_AIM OF THE EXERCISE_
Filter the data below, keeping only lines that contain "Welcome".

_DATA EXCERPT_
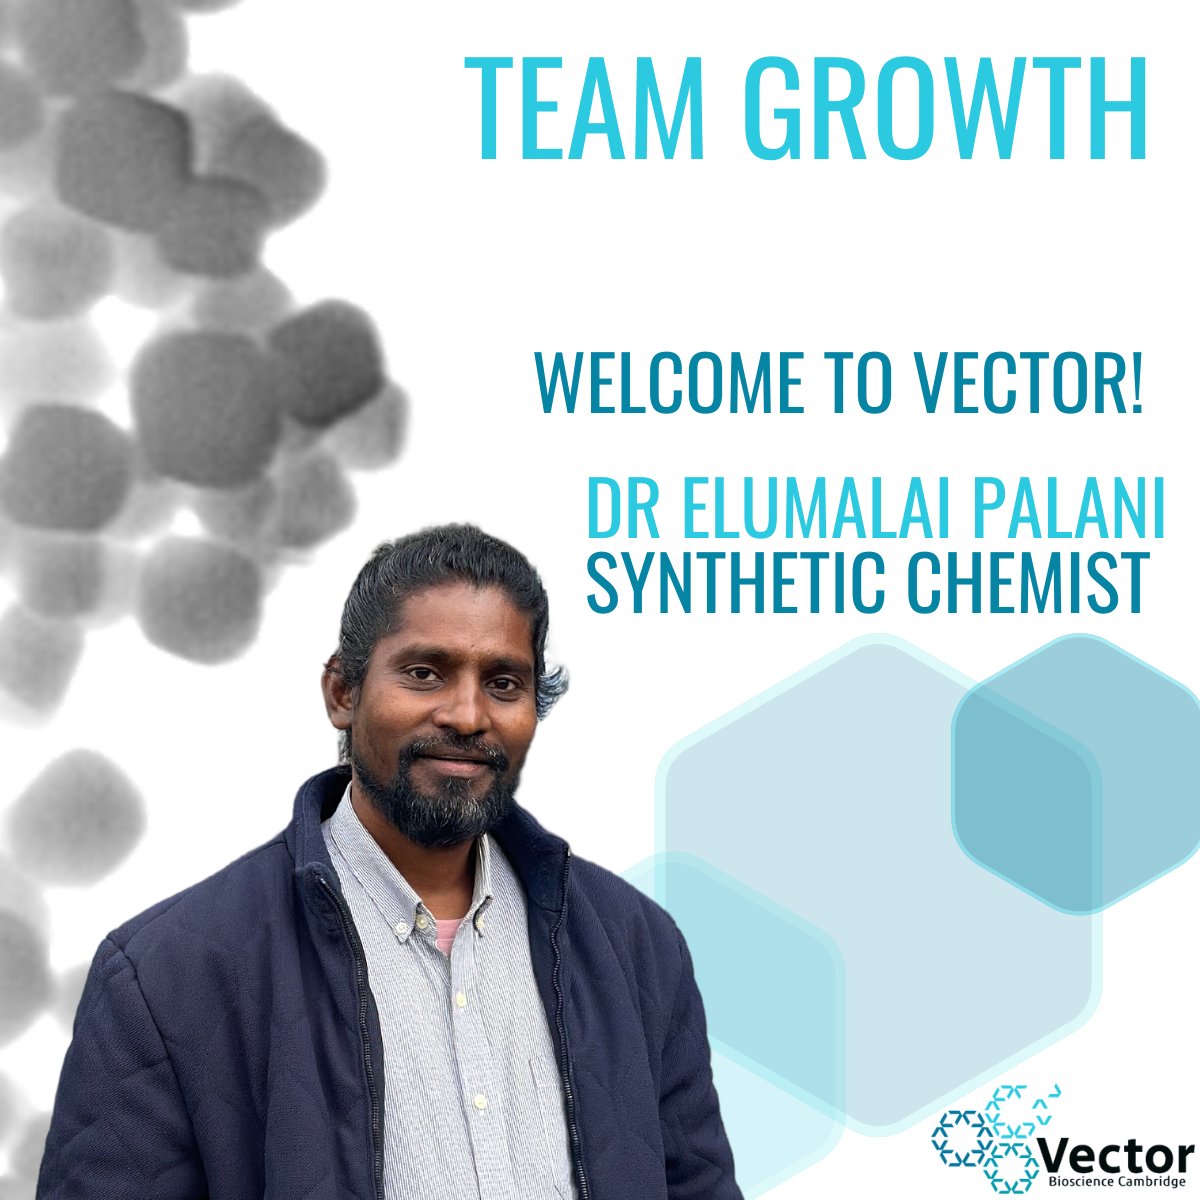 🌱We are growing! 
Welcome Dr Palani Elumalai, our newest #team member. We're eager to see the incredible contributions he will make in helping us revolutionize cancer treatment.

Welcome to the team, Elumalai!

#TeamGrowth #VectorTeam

_EXERCISE ANSWER_
Welcome Dr Palani Elumalai, our newest #team member. We're eager to see the incredible contributions he will make in helping us revolutionize cancer treatment.
Welcome to the team, Elumalai!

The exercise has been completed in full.